Notes for Kendrick, Mercado and Amman's 2006 Princeton University Press book:
This is a pedagogical book with a lovely idea at the core: teach standard micro and macroeconomic models and principles using computer programs like Excel, Mathematica, MATLAB, and others.
The book takes us through a series of simple and well known examples, using student's familiarity with the textbook models as a foil to show the usefulness and extensibility of the computational approach.
So, we see partial equilibrium analysis and game theory in Mathematica, Derivatives analysis and genetic algorithms in MATLAB, and CGE models in GAMS as well as other programming languages. Throughout students are encouraged to go it alone by modifying the authors' code (which is itself a point of interesting pedagogy, see this Journal of Economic Education article for more)
The bits of the book which are most interesting for me are the Mathematica and Excel chapters on Growth, Game Theory, and Partial Equilibrium analysis.
Each chapter follows the same structure. For example, in the first real chapter, the authors give an Excel solver routine to solve the Neoclassical growth model in it's simplest form, as presented by, say, Romer in Advanced Macroeconomics. The exposition is clear and concise, and any student with some previous exposure to the mathematics will have no trouble fathoming the model's basics. Then we see the Excel implementation of the model, with links to the code for the model itself so students can use and modify the parameters and basic assumptions as they like. That code, by the way, is here.
The Mathematica notebooks all run well in Version 6.02, and the use of game theoretic concepts in a LISP-like environment such as Mathematica really makes it clear what a high level and extensible computer architecture Mathematica is. The work, really, is a precursor of the currently white-hot topic of Algorithmic Game Theory, even though the authors don't mean their work as such, just seeing the canonical models implemented in a computable set theoretic way (by definition, because it's on a computer) is a real step forward.

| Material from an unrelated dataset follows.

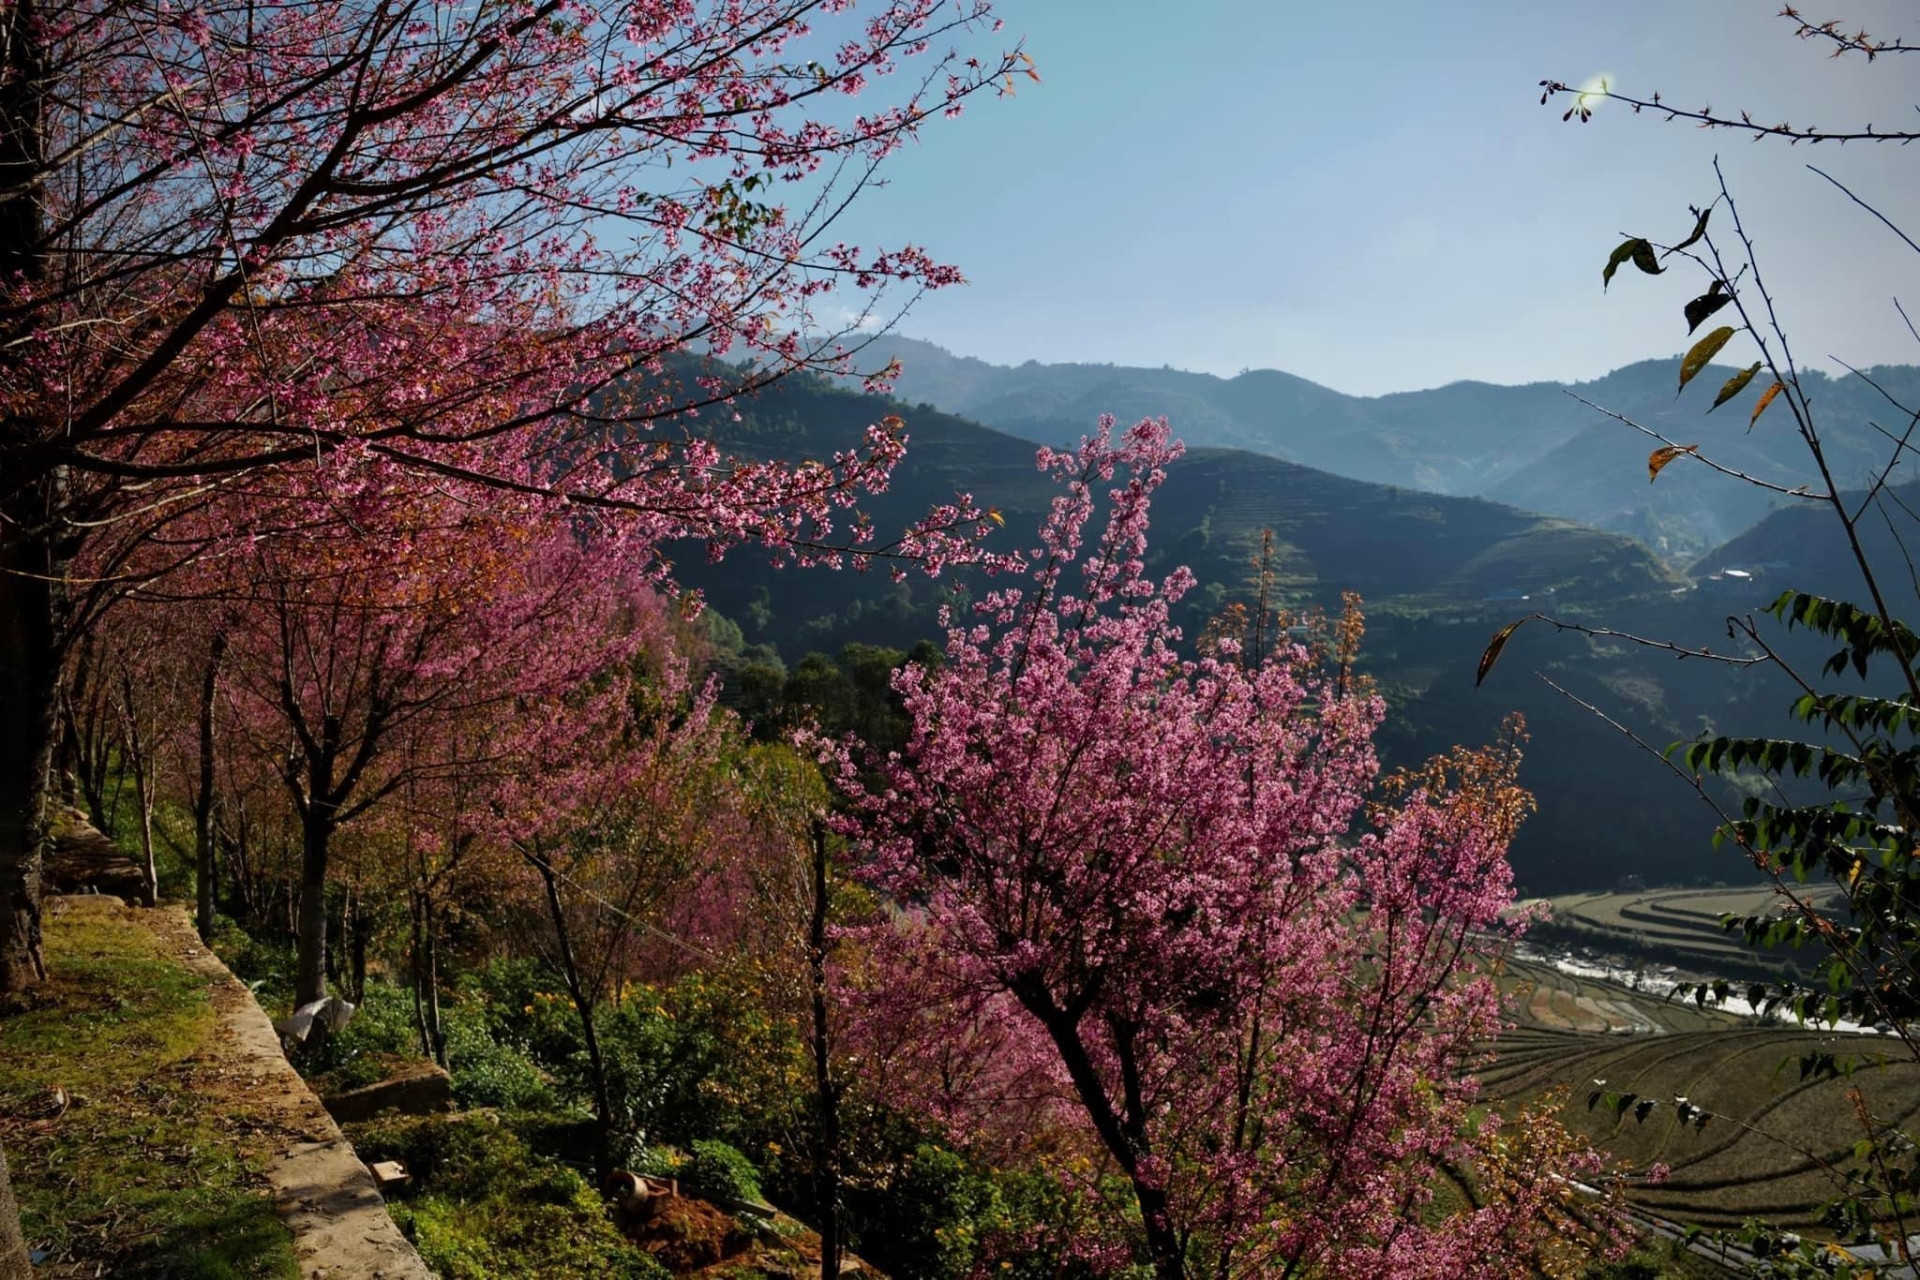 Chiêm ngưỡng sắc hoa tớ dày nhuộm hồng núi rừng Mù Cang Chải - 3
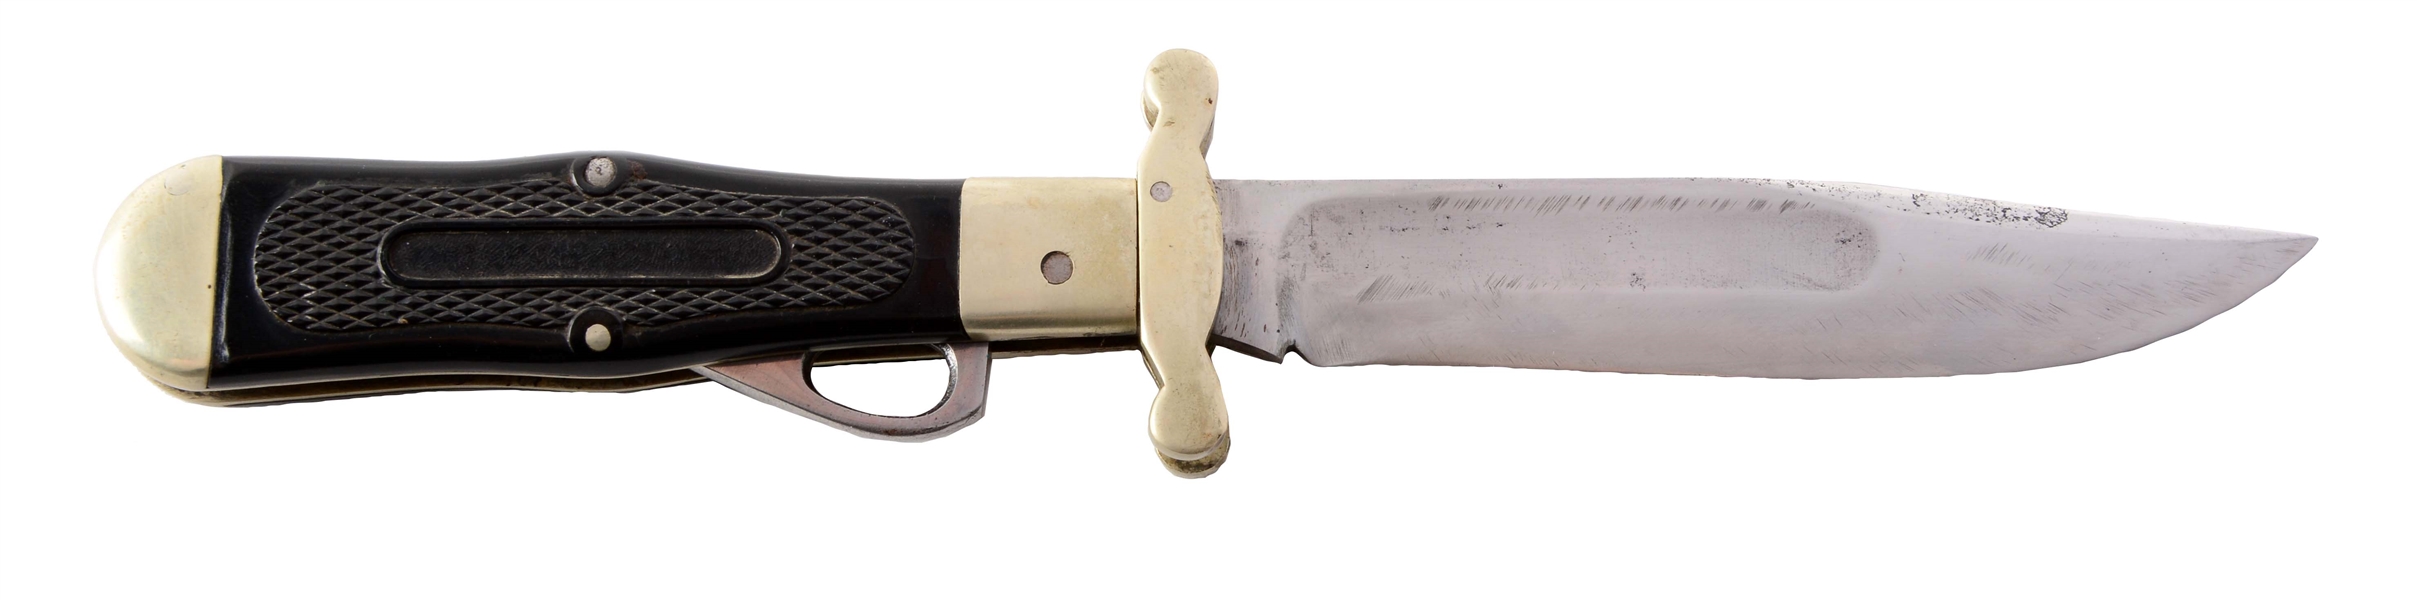 M.S.A. CO. GLADSTONE EARLY FOLDING SAFETY HUNTER KNIFE.

One thing I would have loved to see was a comparison of one model built in two different languages: how one would go about translating, say, an Eviews program to MATLAB, or something like that. Maybe I'll add that to the ideas list. Another idea to really sell the book would be to make each 'program' section of the book downloadable separately. Most institutions don't have blanket subscriptions to Mathematica, MATLAB, Eviews, GAUSS, TSP, Stata, etc, so by allowing readers to pick and choose by program, the authors might make themselves a few more shekels. Who knows?
So all in all, a very nice pedagogical book, and well worth purchasing for a library or graduate student interested in teaching computational economics. Glad I read it.